Cone has an emergency department recognized as a Level II trauma center, which as of 2005-2007, served approximately 65,000 arrivals per year.
Funding for a hospital began after the 1908 death of Moses H. Cone, a North Carolina magnate who founded the Cone Mills textile company. In 1911, Bertha Cone, the widow of Moses, established a trust fund that would establish a hospital to serve Greensboro and memorialize her late husband. The trust fund stated that "No patient should be refused admittance because of inability to pay.". After Bertha Cone's death in 1947, her inheritance went to the trust fund that would eventually established the hospital. Construction began in 1949 and the facility opened on February 20, 1953.

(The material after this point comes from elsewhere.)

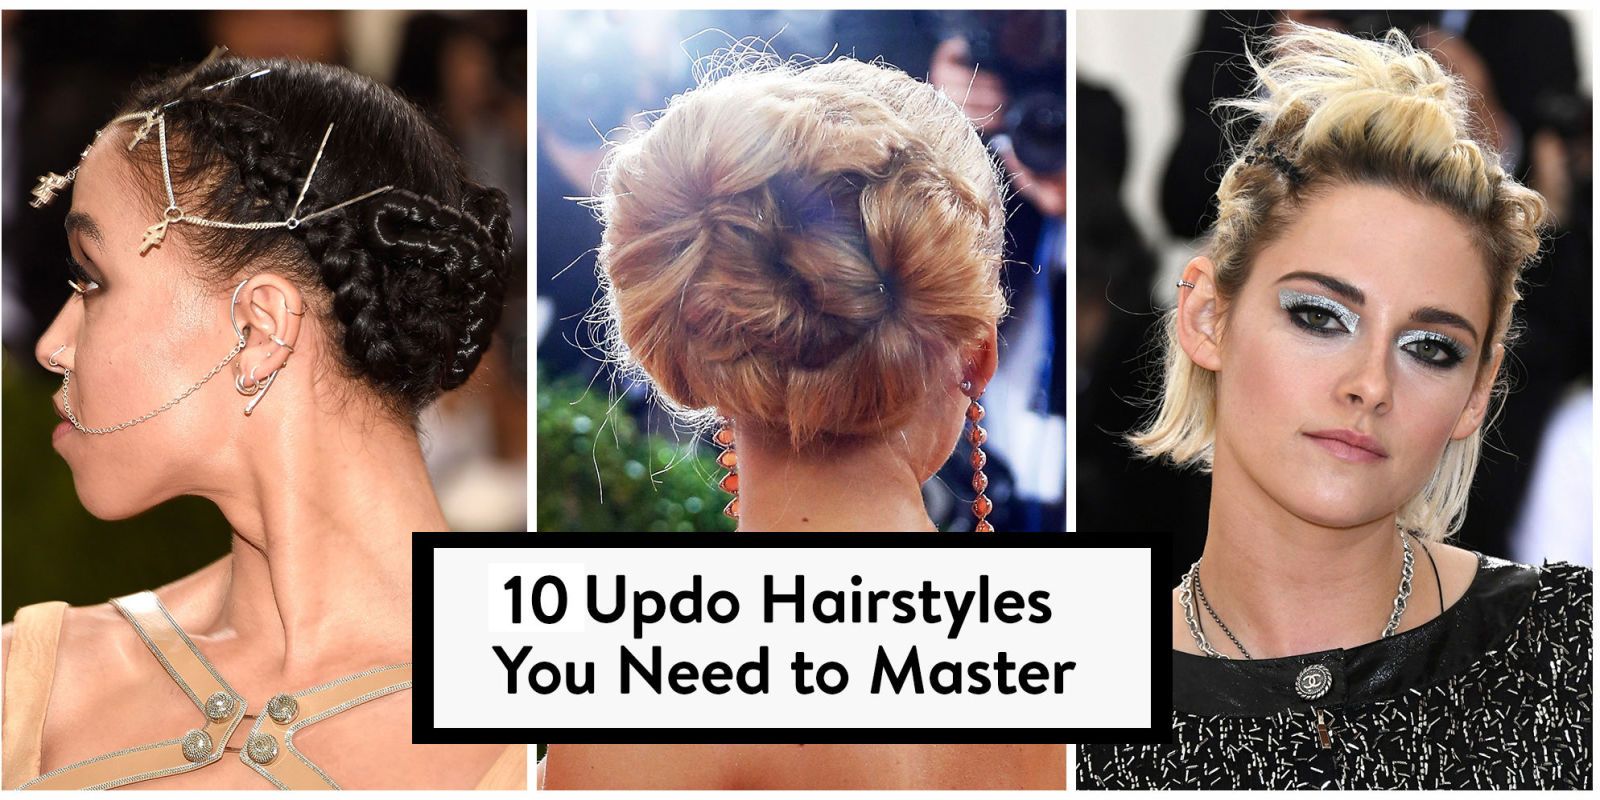 6 Updo Hairstyles That Are Great For Thick Hair
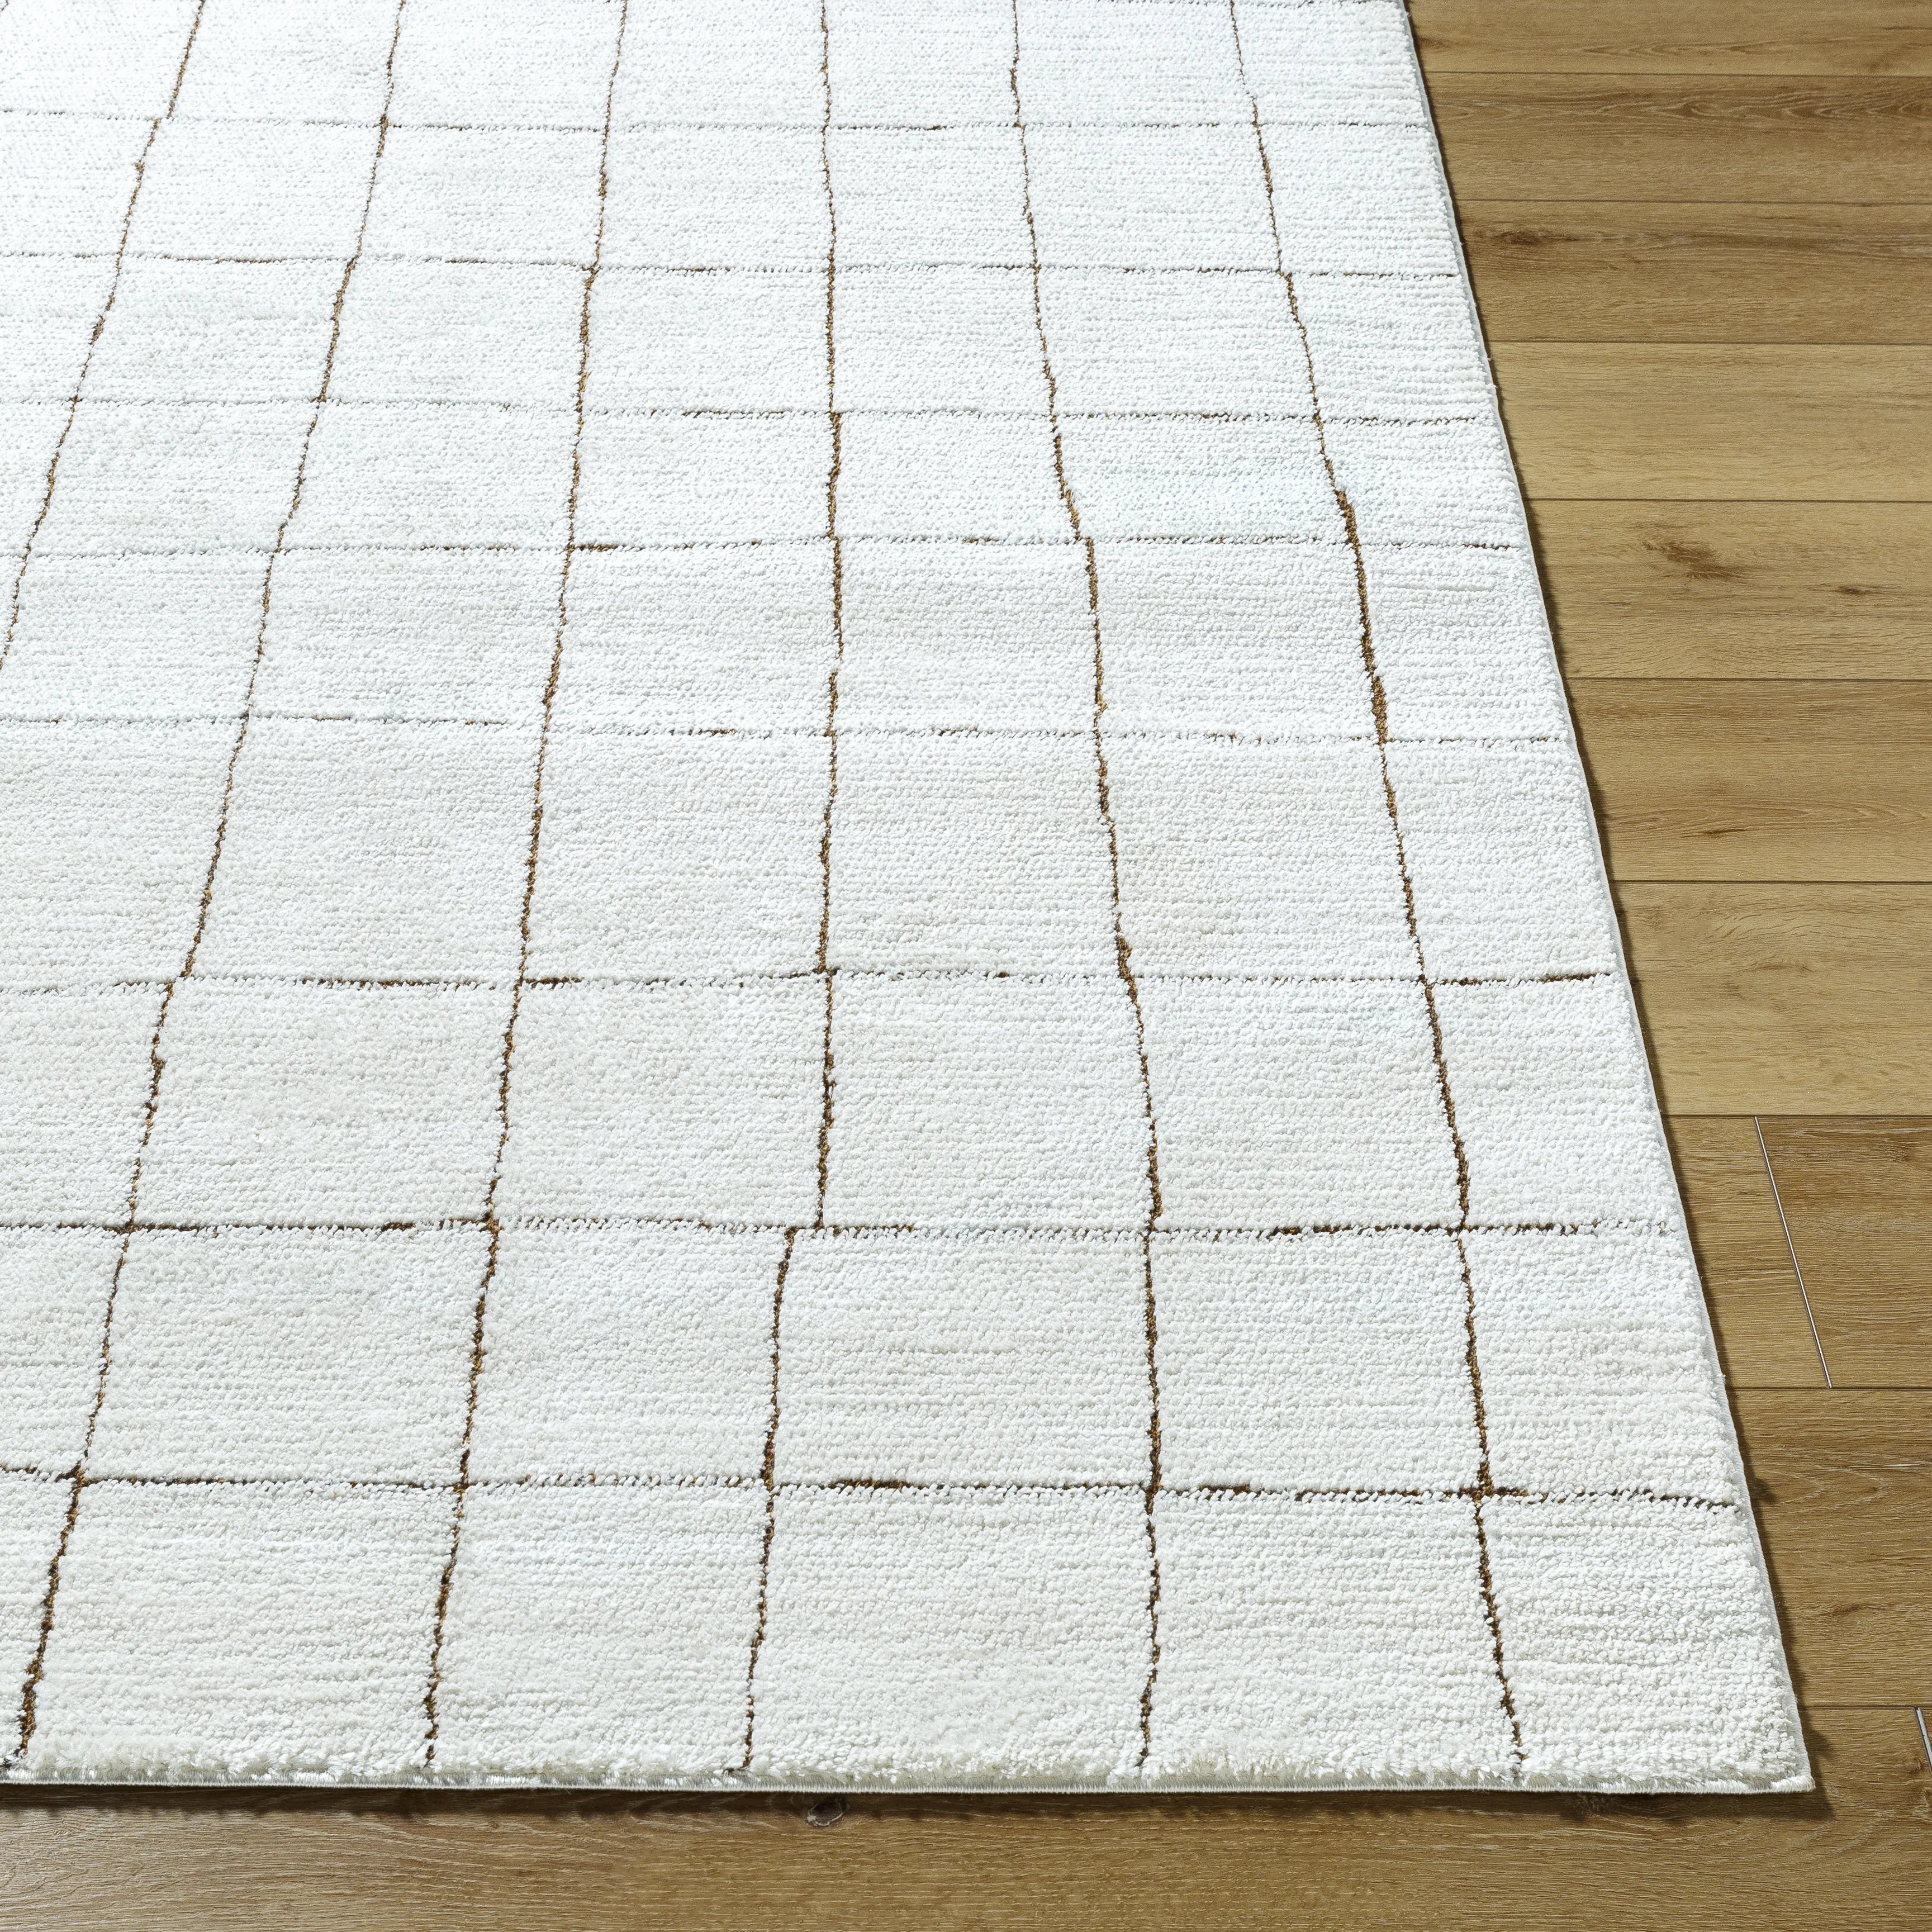 PNW Home x Surya available at Amethyst Home shipping to Australia, UK, and Canada. Organic modern design with easy to clean rugs for a family home in  the Austin metro area.

Cone was a segregated, whites-only hospital until 1963, when the Fourth Circuit Court of Appeals, in Simkins v. Moses H. Cone Memorial Hospital, held the hospital's acceptance of federal funds prohibited it from discriminating on the basis of race, an opinion influenced Title VI of the Civil Rights Act of 1964.
In the late 1970s, a dispute over payments after the completion of a new wing eventually reached the U.S. Supreme Court. By a 6-3 margin, the justices required the hospital to arbitrate with its contractor. The case, Moses H. Cone Memorial Hospital v. Mercury Constr. Corp., set some precedents in civil procedure, clarifying the circumstances under which a federal court can decline jurisdiction when there is a similar case in state court and when a stay may be appealed as a final judgement.